Start with f(0)=1/2, f(1)=1/3. What about f(1/2)? Well, map it f(1/2)=1/4. Continue: f(1/3)=1/5 and f(1/4)=1/6 and so on. Written generally, this directly gives the bijection you have.

It is not the only one, but it is one with a very short notation.

I think it's clear to me now. One more questions: would the best way to show that this is a bijection be to find the inverse, or to show that it is surjective and injective?

 

[fresh_42]

There is no "best" way. Both are reasonably short, but don't forget, that the inverse method needs both sides: $f\circ f^{-1}= \operatorname{id}$ and $f^{-1} \circ f = \operatorname{id}$. Surjectivity is short, injectivity requires an argument, but isn't complicated either.

 

[SSequence]

I think perhaps one way might be to see how to create a bijection between (0,1] and (0,1). So, for example, we could have:
f(1) = 1/2
f(1/2) = 1/3
f(1/3) = 1/4
f(1/4) = 1/5
... and so on.
Apart from the values of the form 1/n where n ≥ 1, we would have f(x)=x.

I suppose post#5 is very similar. But I wanted to emphasize a bit (like mentioned in post#4) that adding any finite number of elements wouldn't change the cardinality of (0,1) because we could create more backward chains like the one mentioned above. But we would have to be careful that the backward chains remain completely separate from each other.

In fact, of course adding a countable infinity of elements wouldn't change the cardinality of (0,1) either (create a countable infinity of separate backward chains).

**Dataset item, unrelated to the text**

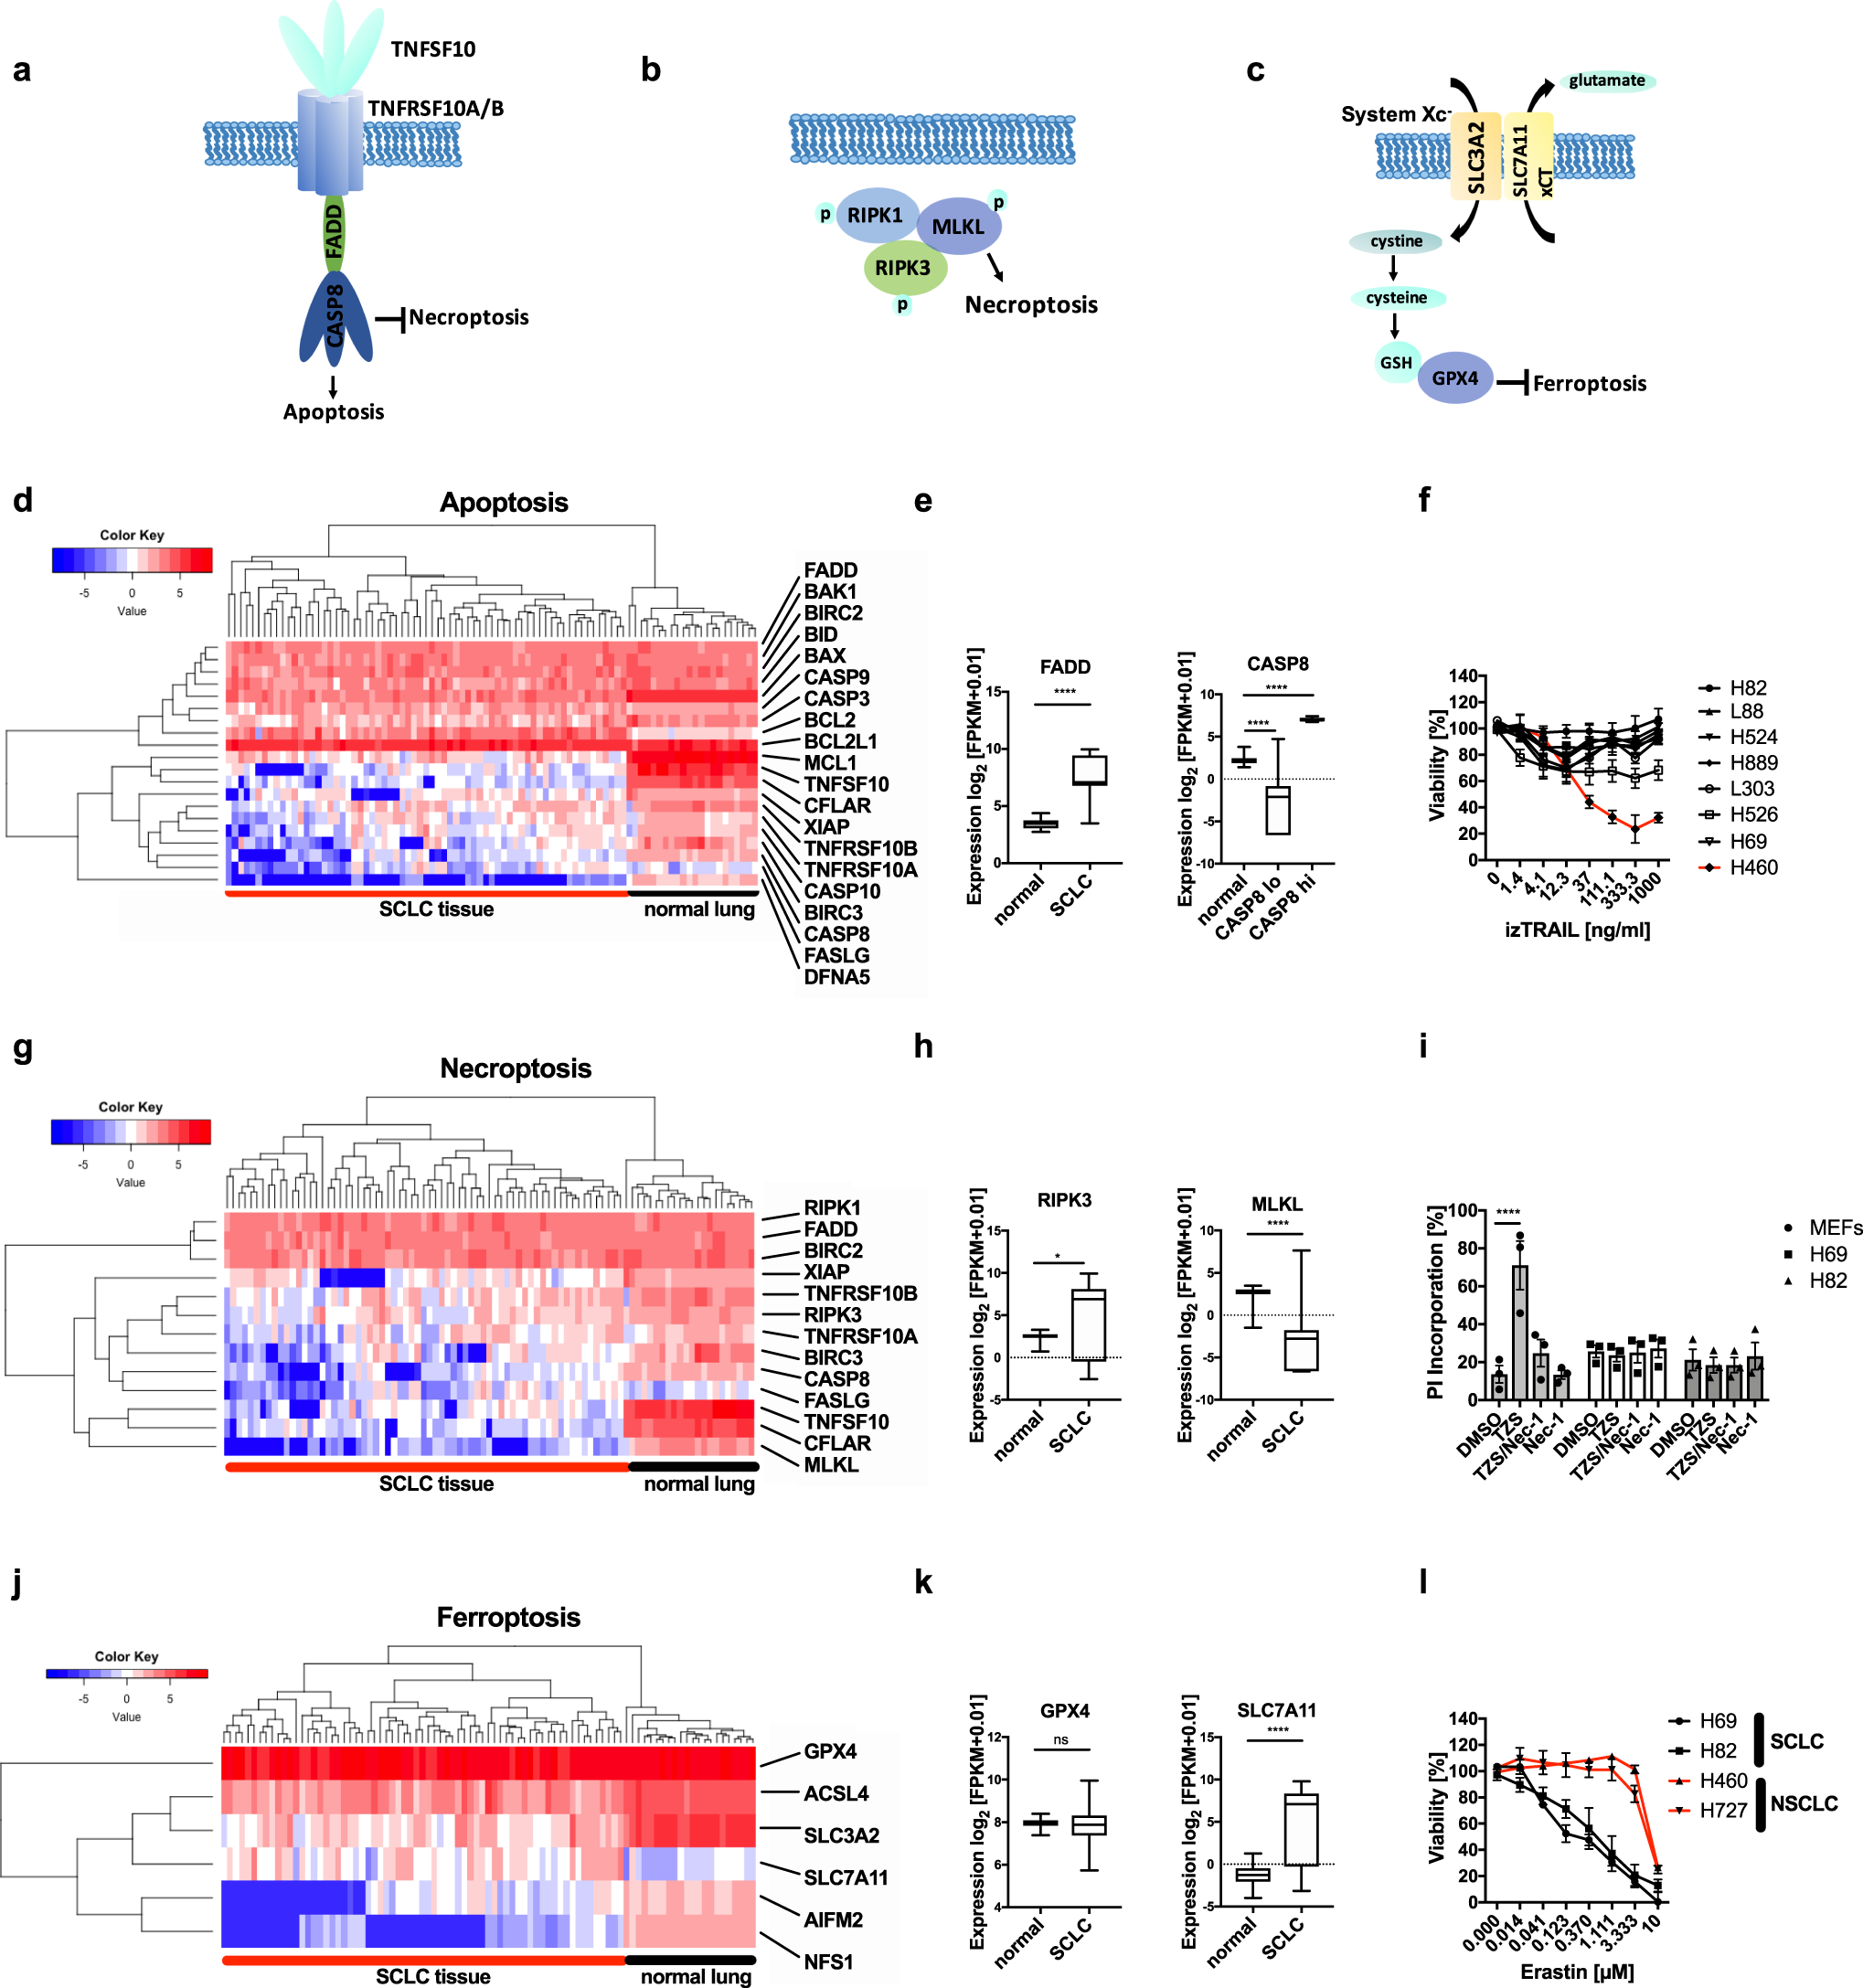 Ferroptosis response segregates small cell lung cancer (SCLC)  neuroendocrine subtypes | Nature Communications

For example adding a set A to (0,1) ... where A={1,2,3,4,5,...}.

==========

I was thinking, how about bijection between (0,1) and (0,∞). If we assuming a well-ordering of [0,1] (and hence also (0,1) ) is possible, then it is fairly easy to see a bijection.

If not, probably something like this should work I think:
create correspondence between (0,1/2] and (0,1]
creater correspondence between (1/2,3/4] and (1,2]
and so on shrinking the intervals further and further.

Though I am guessing this kind of construction would be routine for those familiar with solving problems of this kind.

 

[mfb]

I suppose post#5 is very similar. But I wanted to emphasize a bit (like mentioned in post#4) that adding any finite number of elements wouldn't change the cardinality of (0,1) because we could create more backward chains like the one mentioned above. But we would have to be careful that the backward chains remain completely separate from each other.

You can use the same chain for every countable number of elements. OP had an example for 2 elements.
This is related to Hilbert's hotel.

 

[FactChecker]

That's a clever bijection, but I think there are simpler, more routine, ways. For instance, you could use the bijection f(x) = x/2+1/4 of [0,1] to [1/4, 3/4] ⊂ (0,1) to prove that the cardinality of [0,1] ≤ cardinality of (0,1) and clearly (0,1) ⊂ [0,1] so cardinality of (0,1) ≤ cardinality of [0,1]. Concluding that the cardinalities are equal. It's not as clever, but I think it gets the job done.

 

[SSequence]

You can use the same chain for every countable number of elements. OP had an example for 2 elements.
This is related to Hilbert's hotel.

I guess there would be pretty clever ways to write this kind of bijection so I didn't discount any other method in my wording (but I tried to keep it brief).

But specifically looking at OP's construction, I suppose it is just a little difference in meaning of chain? I plugged in some values from the function in OP. Here is how it goes:
f(0) = 1/2
f(1/2) = 1/4
f(1/4) = 1/6
f(1/6) = 1/8
and so on...

The way I was considering it, I was counting that as a chain. And then for second element plugging the values:
f(1) = 1/3
f(1/3) = 1/5
f(1/5) = 1/7
f(1/7) = 1/9
and so on...

The way I was using the word "chain", I was considering these as two separate chains. I suppose you were referring to chain roughly in the sense of set of values that had to be altered (or something similar).

Really doesn't matter much though I guess.